Lucene is an open-source document database that comes with its own code library and querying language optimized for searching against text.

A document database takes the traditional approach of a NoSQL database: The entirety of the data concerning a business object lives inside one record, called a document. In contrast, our master database is relational —we tend to store pieces of information for a business object in multiple records across multiple tables to keep data normalized. In Lucene, we don’t care about normalization. We flatten out (and sometimes repeat) data so it’s optimized for search and retrieval.

A document consists of a set of fields. Fields have a unique string name and a string value. It also has a store type and an index type. We’ll touch upon the latter a bit later.

At a high level, search is straightforward. Once you’ve created a collection of documents within Lucene, you can run a query against the fields within these documents. Lucene will then return matching documents (i.e. a set of records) in order of relevance. You can then access the fields within these documents to display search results any way you want.

Lucene’s low-level magic

At a lower level, there’s a good amount of magic (read: code we don’t have to write) that goes on behind-the-scenes. With the querying language, you can tell Lucene which matches are required. You can also weigh matches against certain fields over others. As a simple example, if you have a Title and Description field in your documents, a search query like the one below will prioritize a match on title twice as much as it would on description.

Title:“Hello world” ^2 Description:“Hello world”

The benefit of weighting is order. With the right selection of weights, you can push more relevant matches to the top of your search results.

Lucene also takes care of highlighting and fragmenting descriptions where the best matches occur. Suppose we perform a search for “lazy dog” in the Description field of a document with this value:

“The quick brown fox jumps over the lazy dog. It is a very rainy day, so the fox is lucky that it didn’t slip when it jumped. The lazy dog was, as you might expect, none the wiser. The lazy dog is, after all, a lazy dog.”

In Lucene’s code library, the Highlighter class’s GetBestFragments() method will return a tailored string. You can tell Lucene how to stylize relevant matches, how to concatenate matches within long strings, and how many matches to return. In this case, we tell it to display matches as bold text, use ellipses to separate fragments, and return only two matches:

“The quick brown fox jumps over the lazy dog…The lazy dog was, as you might expect, none the wiser.”

There are plenty more magical bits to Lucene. As is the case with most open-source projects, documentation is a bit hard to find (here’s one good resource). But, the library itself provides detailed comments for you to go hunting around.

Defining our document structure

Here’s what a typical search result looks like in DoneDone:

DoneDone's global search feature
DoneDone’s global search feature

So, what does the anatomy of a document in our search database look like? Ideally, we want everything we need to display, search, filter, and manage a search result comprised within one single document. That includes the data exposed in our search results as well as data we need behind-the-scenes to manage each document.

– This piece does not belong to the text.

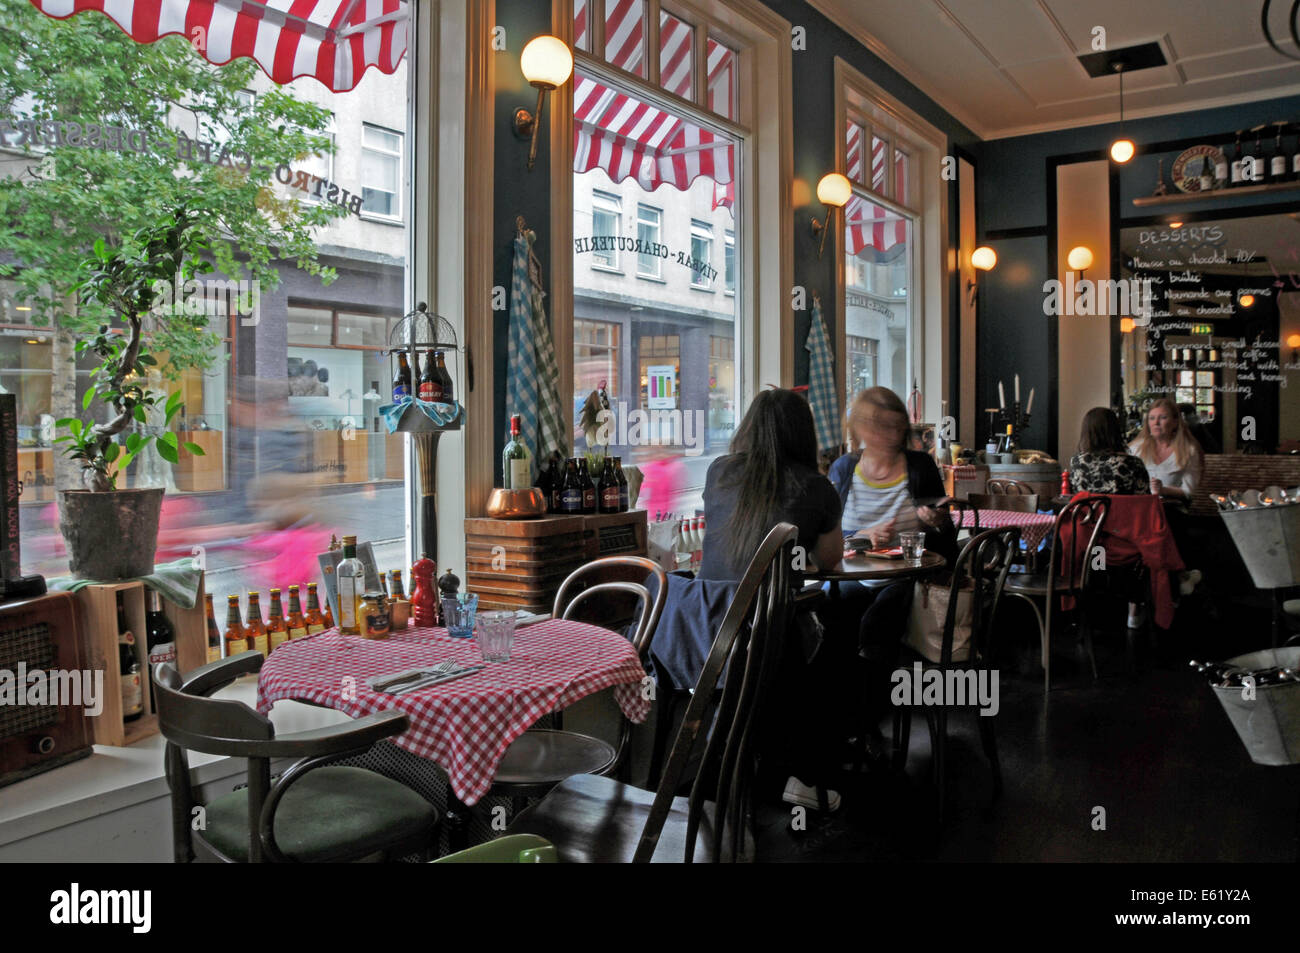 People, faces, restaurants and hair parlors along streets of Reykjavik in Iceland Stock Photo

From just looking at the data we display, we already know a few fields we’ll need in each document: the issue title, the issue number, the project, the date, and the description. We’ll also need the priority level (so that we can display the appropriate priority color) and the status type (we strike through the issue title if that issue is closed or fixed).

Here’s a breakdown of how we named those fields in our documents, whether they are used in the search query, and how they are displayed in the search results:

Field NameSearched?Use
IssueTitlePartial text matching or No*Displayed in search results
IssueNumExact match or No*Displayed in search results
DescriptionPartial text matchingFragments of the description are displayed in search results
CreatedOnNoDisplayed in search results
StatusNoIf “closed” or “fixed”, the issue title will display with a strikethrough
PriorityNoUsed to display the correct priority color to the issue number and title
ProjectIDNoMaps the master database ID of a project name so it can be displayed

 

*-Search-ability depends on the document, which we’ll explain below.

How we index fields

As I mentioned earlier, a field not only consists of a name and a value, but an index type. The index type tells Lucene if and how to index that field in the database. For our purposes, we use one of three options: NO, ANALYZED, or NOT_ANALYZED.

If you don’t index a field, you won’t be able to search against the value of that field. If you choose an ANALYZED index, Lucene will be able to partially match against the value of the field–you can specify if the query requires some or all of the text to match in order for a document to be returned. A NOT_ANALYZED index requires an exact match for that field’s document to be returned.

In our case, we want to place an ANALYZED index on the Description field. This lets us do all the Lucene magic of partial text matching we discussed earlier. In contrast, we don’t place an index on the CreatedOn, Status, or Priority fields. Those fields simply come along for the ride if a document matches on the other fields, so they can be used in the displayed results.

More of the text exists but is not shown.